My next example comes from the oldest continually operating library in the world: the library at Saint Catherine’s Monastery on the Sinai peninsula. That library holds a breathtaking array of ancient manuscripts, in many early Middle Eastern languages, including 160 palimpsests. Closed to the outside world until recently, the monastery has opened itself to select scholars to help interpret and preserve their holdings. Although the religious community at Saint Catherine’s has weathered the volatile Middle Eastern world for over 1700 years, recent political instability in the area is giving this collaboration new urgency. The monks of Saint Catherine’s are now working with scientists to take images of these palimpsests, under different kinds of light at different angles, using the next generation of imaging technology; algorithms then combine these images to make visible the erased words beneath the later overwriting. Not only is this project expanding our knowledge of lost Middle Eastern languages, it’s also offering new perspectives on Christian-Arab interaction in the early years, as different forms of Christianity were taking shape and Islam was coming into existence.

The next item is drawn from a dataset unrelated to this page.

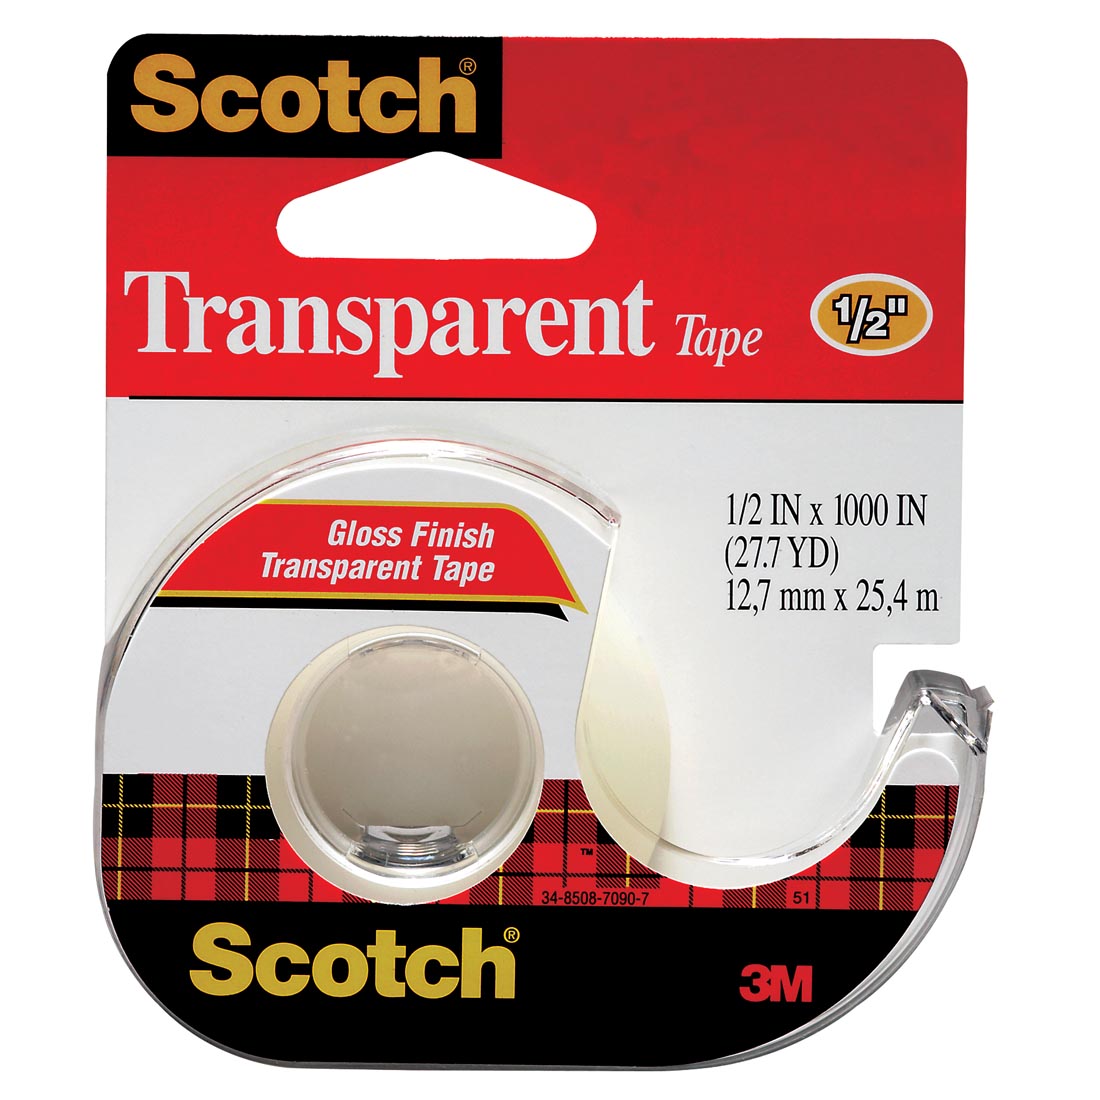 Scotch #600 Transparent Tape Dispenser, 1/2 x 1000" roll
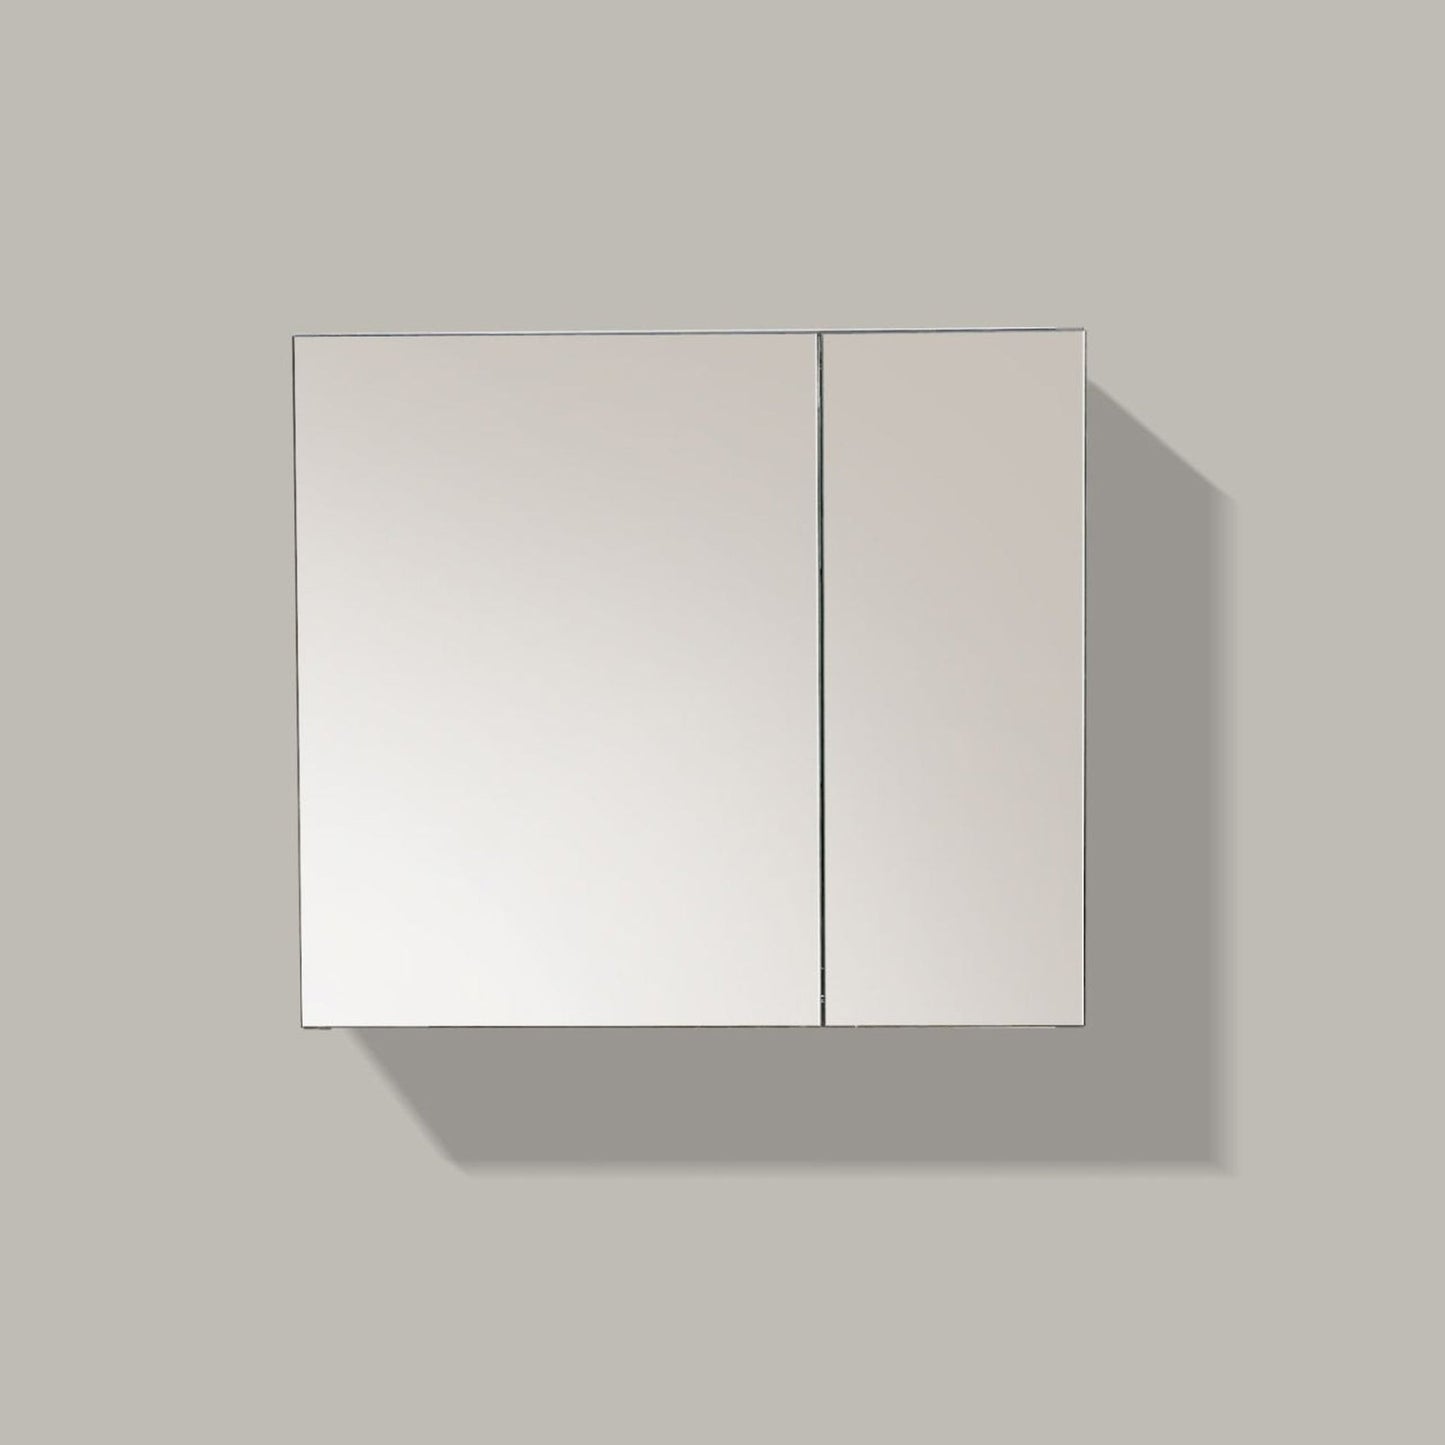 KubeBath Kube Medicine Cabinets 30" x 26" With Mirror For Bathroom

Finally, there’s DNA sampling. Like Billy Collins’s poem “Flock” reminds us, each manuscript preserves the skin of a herd of cattle or flock of sheep. Working together, manuscript conservationists and scientists have devised a noninvasive method for taking samples of parchment for DNA analysis. (You can watch a video of the process, as done at the Schoenberg Institute for Manuscript Studies at the Penn Library.) The DNA then provides a profile of the animals available at the place and time the manuscript was made. Are all these animals from the same herd (sharing some DNA because of breeding patterns)? Or are they coming from widely different herds? What does that tell us about the movement of live animals around Europe? How does the DNA of a medieval cow differ from that of its modern descendants? Additionally, this kind of DNA analysis can reveal the care with which some high-status manuscripts were made. For example, the twelfth-century Gospel of Luke mixed calf and sheep skin — and, surprisingly, goat. (They’re also collecting DNA samples from bookworms, because science is fun.)

https://www.youtube.com/watch?time_continue=135&v=-PSZstL8n-k

We’re not taking DNA samples or using multispectral photography in this class (maybe we will in the future!), and our goals are more modest than those of scientists gathering bacteria from 900-year-old manuscripts. Although our discoveries about the medieval pigments used on the Hargrett fragments will be important, more critical will be the skills we all learn from working with the Center for Applied Isotope Studies and the mental flexibility we’ll gain by moving from reading Gothic textualis to reading spectra.

If you’re reading this blog, you’re probably quite aware of the vocationalization of the university degree, and of the concomitant fear that humanities majors will be unprepared for highly skilled jobs after graduation. And you’re probably also aware of the backlash against that presupposition: articles that rightly argue that the US’s obsession with STEM education is dangerous, that a humanities background can help coders know “how to identify and interrogate privilege, power structures, structural inequality, and injustice” in their algorithms, and that demand for liberals arts majors will increase alongside the increasing automation of technology and production “because you need a different perspective to have a different view of the data.”

All this is true. But it’s also true that it’s not the job of STEM alone to wake up and embrace English majors; we humanities types too can become conversant with the priorities, methodologies, and intellectual approaches of STEM fields. The written conventions of scientific reports. How statistics work. The principles underlying computer code. How to gather and manage data. How to turn raw data into usable information. We don’t have to major in engineering or take O-Chem to have a profitable, meaningful exchange with departments on South Campus. We just need to be willing to learn from them, as they are hopefully equally willing to learn from us. Because that’s really what a liberal arts education should be about.

 

*Which I saw in person two summers ago. Yes, my job is pretty awesome.